Dishabituation (or dehabituation) is a form of recovered or restored behavioral response wherein the reaction towards a known stimulus is enhanced, as opposed to habituation. Initially, it was proposed as an explanation to increased response for a habituated behavior by introducing an external stimulus; however, upon further analysis, the focus was conclusively established that a proper analysis of dishabituation should be taken into consideration only when the response is increased by implying the original stimulus.

Based on studies conducted over habituation’s dual-process theory which attributed towards dishabituation, it is also determined that the latter was independent of any behavioral sensitization.

An example of dishabituation is the response of a receptionist in a scenario where a delivery truck arrives at 9:00AM every morning. The first few times it arrives it is noticed by the receptionist, and after weeks, the receptionist does not respond as strongly. One day the truck does not arrive, and the receptionist notices its absence. When it arrives the next day, the receptionist’s response is stronger when it arrives as expected.

 

History

The phenomenon was studied by an early scientist Samuel Jackson Holmes in 1912, while he was studying the animal behavior in sea urchins. Later in 1933, George Humphrey—while studying the same effects in human babies and extensively over lower vertebrates—argued that dishabituation is in fact the removal of habituation altogether, to a behavior that was not conditioned to begin with.

 

Mechanism

In humans

According to the dual-process theory of habituation, dishabituation is characterized by an increase in responding to a habituated stimulus after introducing a deviant, to sensitize a change in arousal. Further investigations into elicitation and habituation of the electrodermal orienting reflex also showed that dishabituation is independent of sensitization for indifferent stimuli.

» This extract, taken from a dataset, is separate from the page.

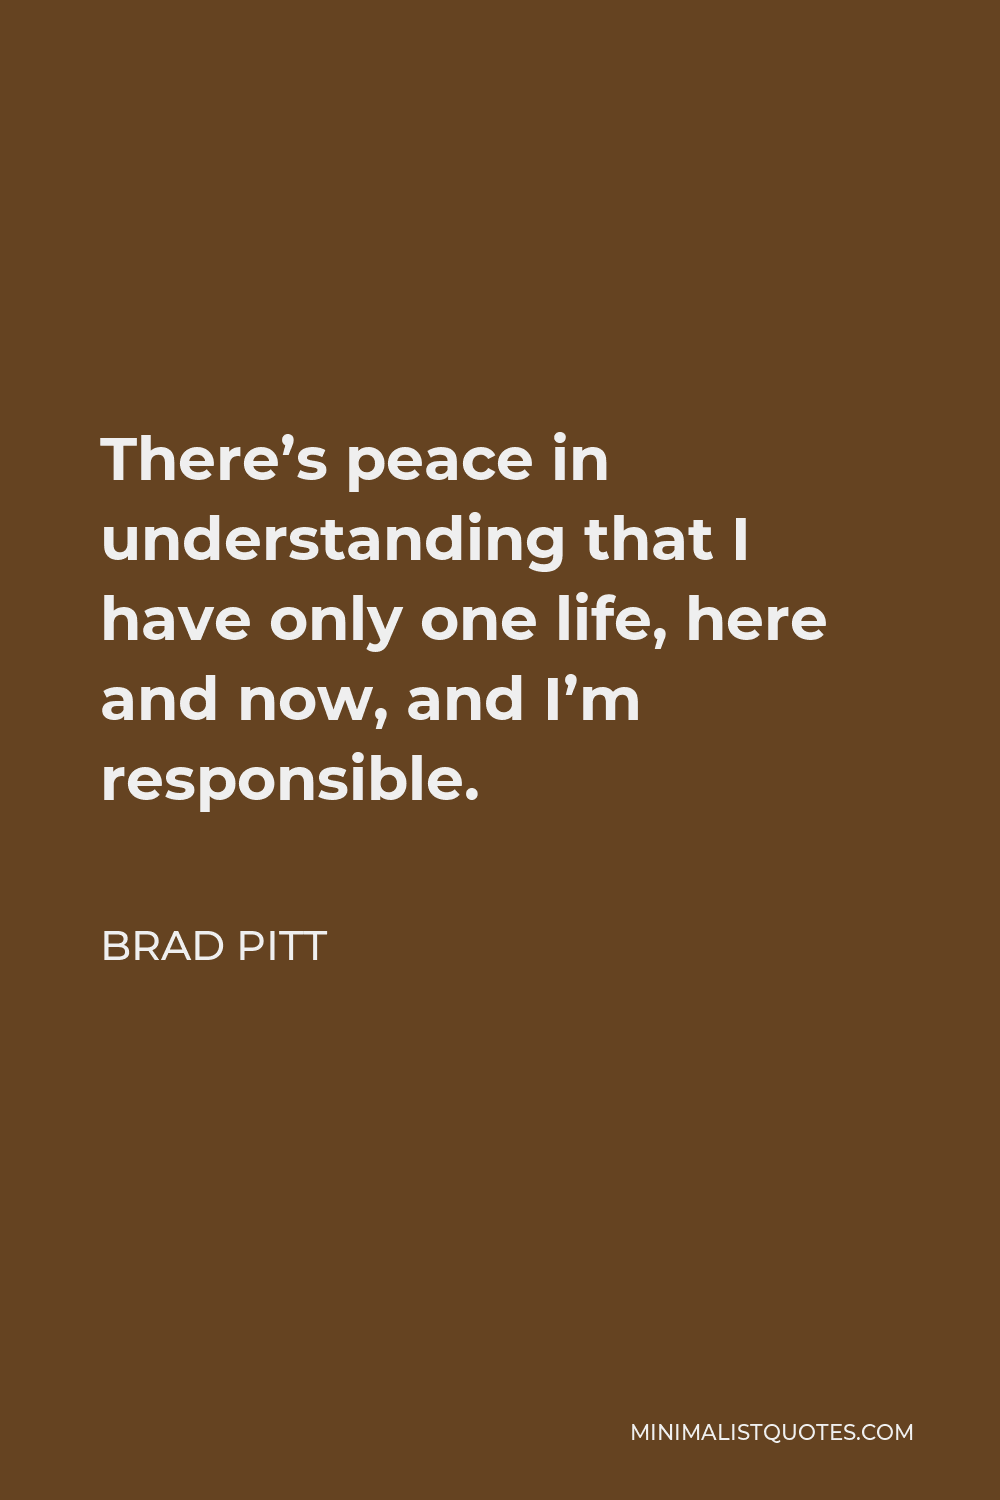 Brad Pitt Quote - There’s peace in understanding that I have only one life, here and now, and I’m responsible.

A meta-analysis shows that dishabituation is improvised on preterm infants as compared to term infants based on the magnitude of stimulus sensitized.

 

Biological basis

As per the Center for Neural Engineering, University of Southern California (Los Angeles), the primordial hippocampus plays an important role in modeling the dishabituation of behavioral response. According to this, the interaction of two processes is dynamically postulated based on synaptic plasticity, which acquires both long and short-term forgetting. Along with that, cumulative shrinking is proposed to map responses from the temporal region of the anterior thalamus that references the spatial positions. The plasticity model combined with the structure of medial pallium model provides a structured network of neural mechanisms, contributing towards dishabituation and habituation alike.

Accordingly, this phenomenon is neither indicative to counteract the emphasis of an existing habituation but instead, organizes an independent neuronal process, nor resulted by facilitation, as the etymology may indicate.

 

In animals

  • Studies done on the Aplysia to establish dishabituation or superimposed sensitization, to understand their neuronal mechanisms of their gill-withdrawal reflex, and dishabituation processes to establish large-scale methodology to solve major limitation problem.
  • The Tritonia diomedea for its escape swim (the number of cycles per swim) and the Drosophila melanogaster
  • Auditory stimulation to understand the escape behavior in hermit crabs
  • Exercise as a dishabituating stimulus on hypoglycemic rodents

All the above establish the process of dishabituation, where responding to a repetitive stimulus increases and has been documented in a wide range of organisms – from single-celled animals to primates – which is thought to allow an organism to reflexively either filter out or consider, all forms of information.

It is also characterized as an emancipation of an existing prey-catching behavior. Sometimes however, the inconsistency in dishabituation of behavioral response is brought-on by mismatch between the 1st and 2nd stimuli, which in-turn is due to the occurrence of inhibition by habituation, to the existing stimulus.

 

Application

Dishabituation shows an increase in reward effectiveness as it produces a heightened behavioral response to sensitization of arousal. Other studies also show that it is caused by mind-wandering, where with distributed working process as opposed to practising in mass, the learning behavior is enhanced.

In the development of preterm infants, the dishabituation process also provides with an approach for the early diagnosis of cognitive status and most importantly, their mental faculties performances.